主よ、あなたはペンテコステによって私たちがつながることが出来る教会を作って下さり、聖霊の清さによって喜びと希望を知る生きた人間にして下さいました。あなたはイエスキリストを私たちの間に送って下さり、いのちの道を開いて下さいました。「わたしは道であり、真理であり、いのちである」と主は宣言されました。私たちが信じてその道を踏み歩くとき、キリストを踏みつけていることを知ります。十字架が罪の赦しであることを確かに感じます。どうぞ今週も、私たちの生活の中にいのちの木、道、真理を示して下さい。どうぞ、ここにいる子どもたちを生きた人間として育てて下さい。
 主の名によって祈ります。アーメン

2020.6.7 いのちの息を吸う

 「息が詰まる生活」が2ヶ月近く続きました。先週から社会生活が少しづつ戻ってきましたが、感染を怖れる雰囲気や自粛警察と揶揄される感情的なしこりが人々の間に漂っています。どこにでも行けて何でもできた半年前が夢だったように、今は気持ちも不自由です。

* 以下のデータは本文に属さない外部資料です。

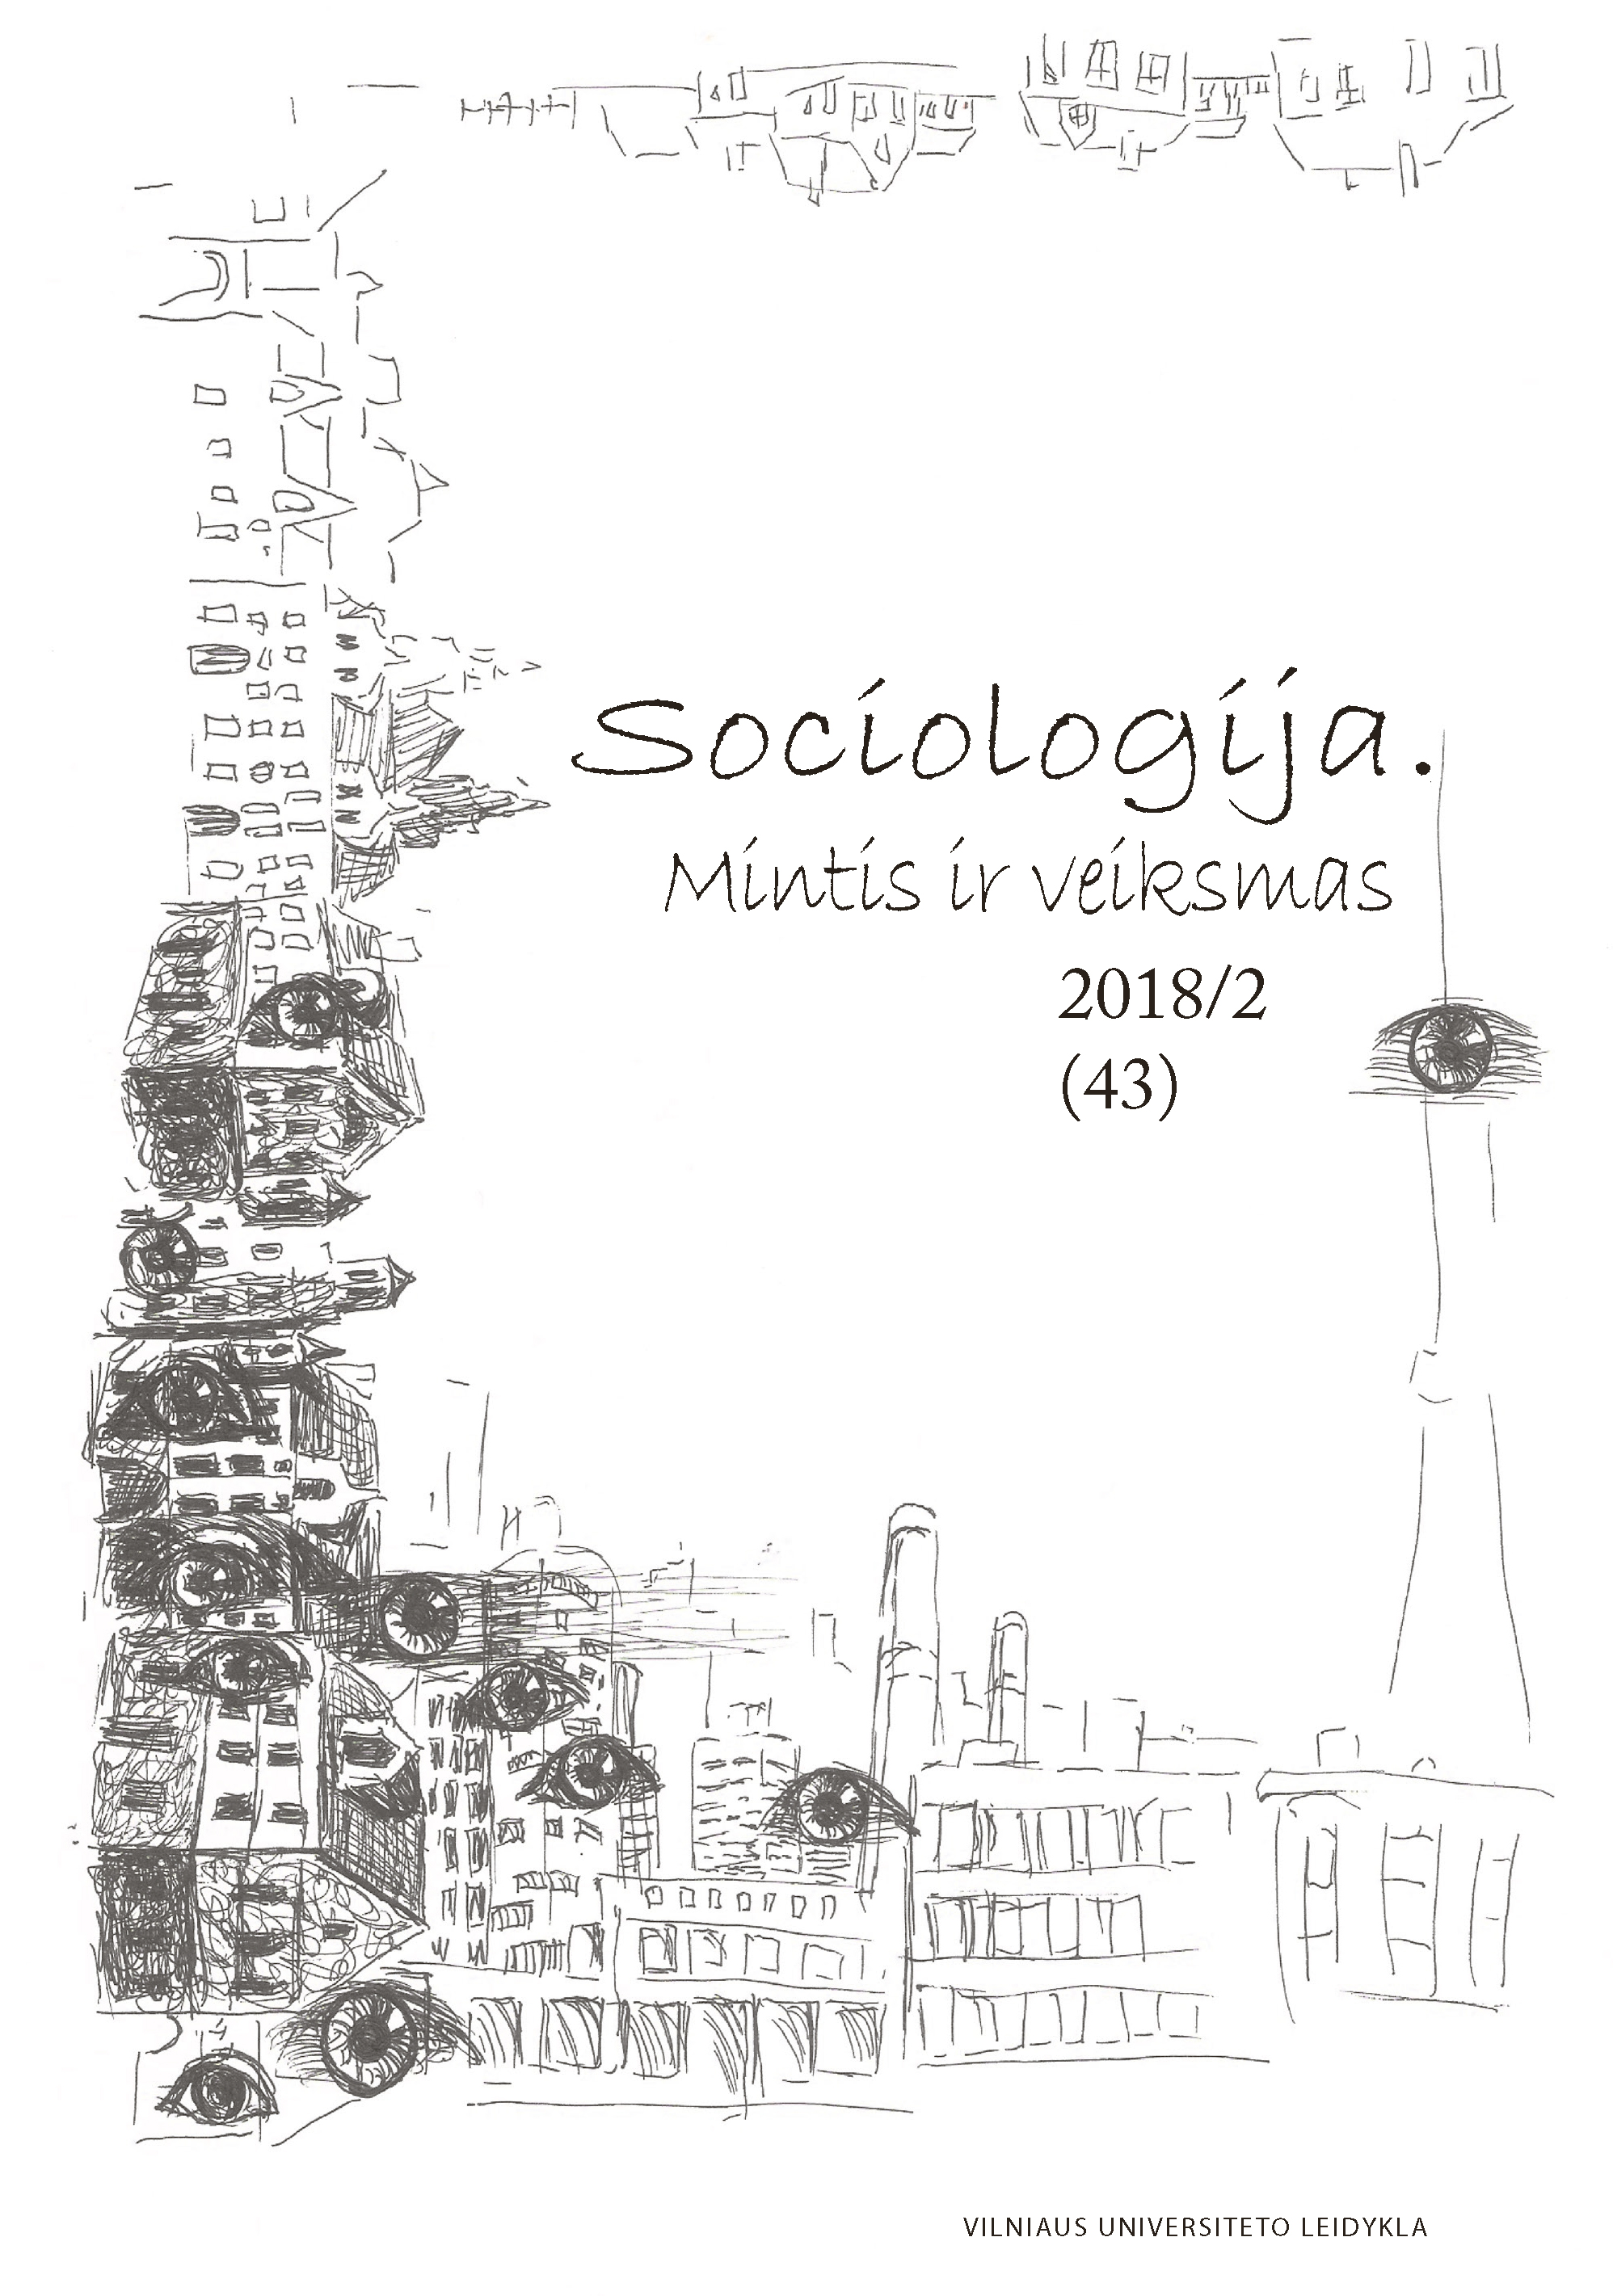 European Social Survey: 10 Years in Lithuania Cover Image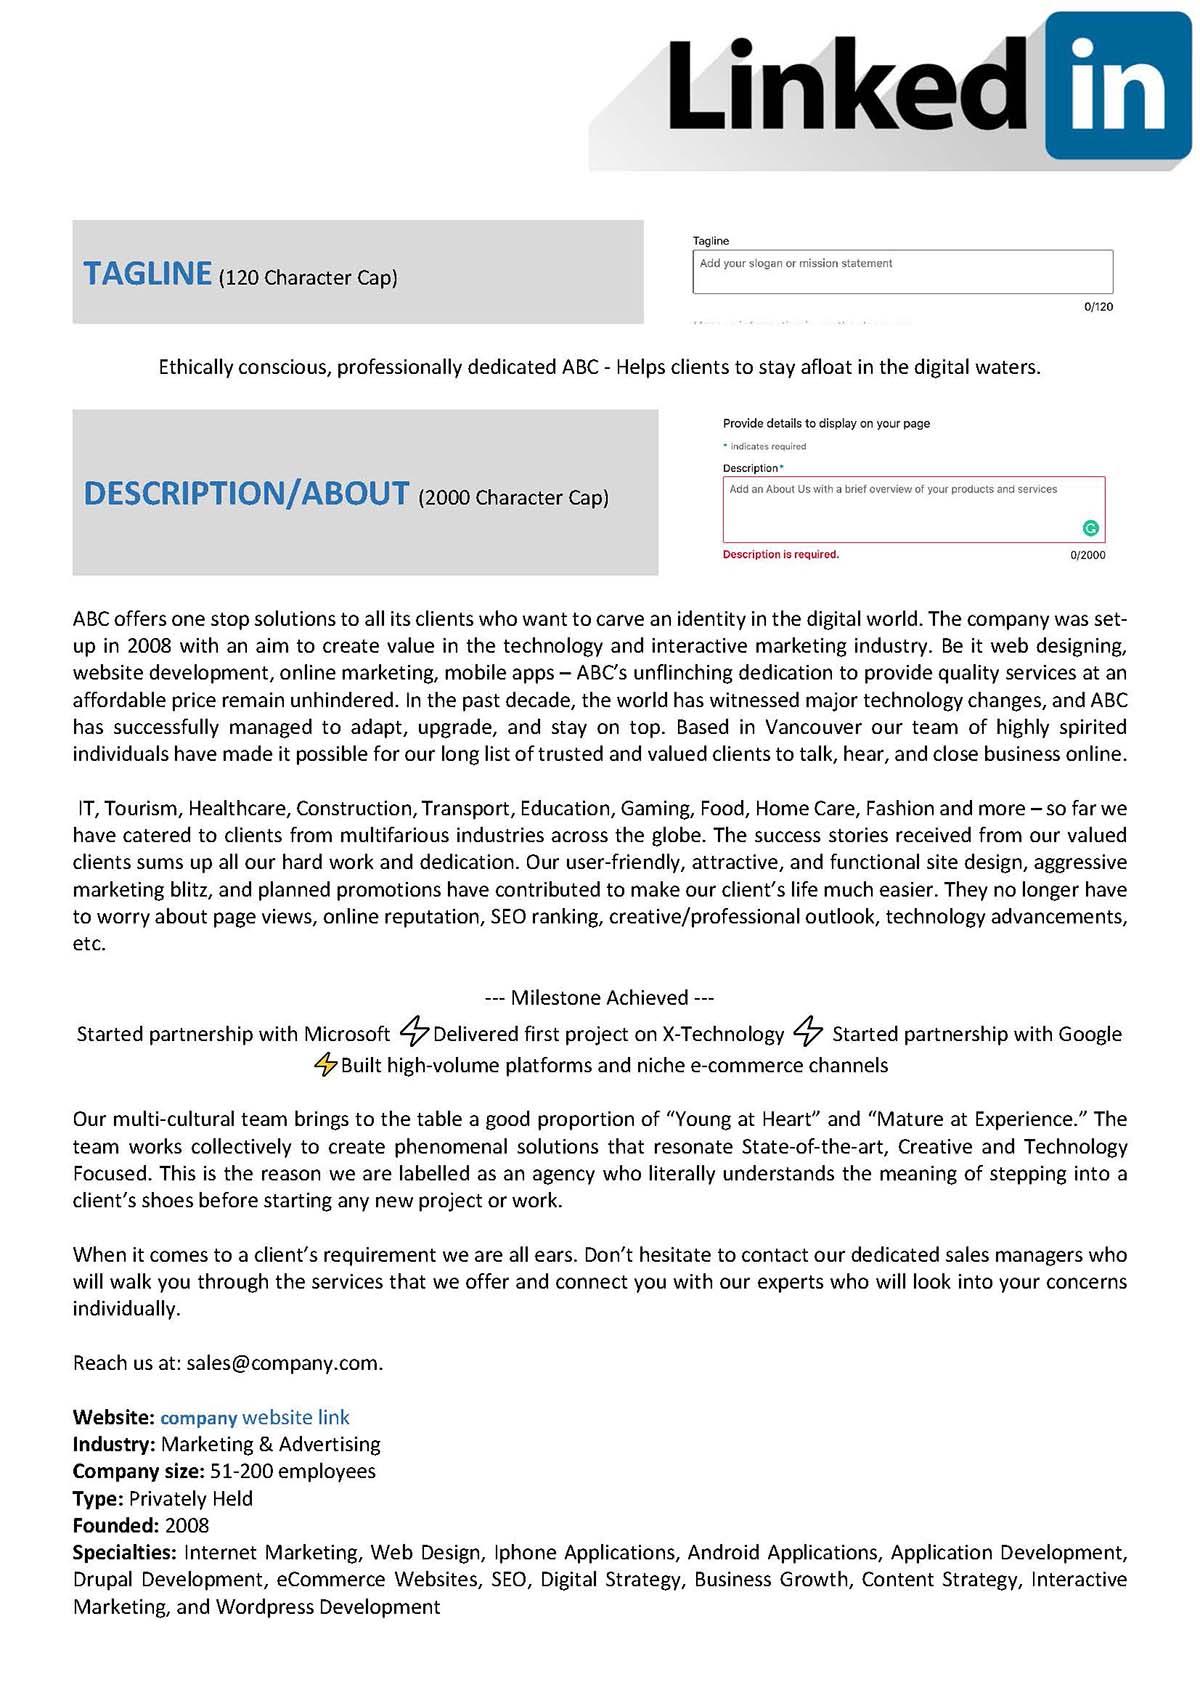 Sample resume: Internet Content, Mid Experience, Functional

 面白いことに、ペンテコステ前の弟子たちもユダヤ人の迫害を怖れて外出を控えていました。祭司長たちはイエスがいなくなれば弟子グループは簡単に消えてしまうだろうと見積もっていました。
 ところが聖霊が降り、弟子たちを覆うと、彼らは人が変わったように活動的になったのです。
 その日突然、訳の分からない言葉で語り出しました。ギリシャ人は外国人をバルバロイと呼んで蔑みましたが、相手の発音が「バルバルとかバロバロ」としか聞こえなかったからでしょうか。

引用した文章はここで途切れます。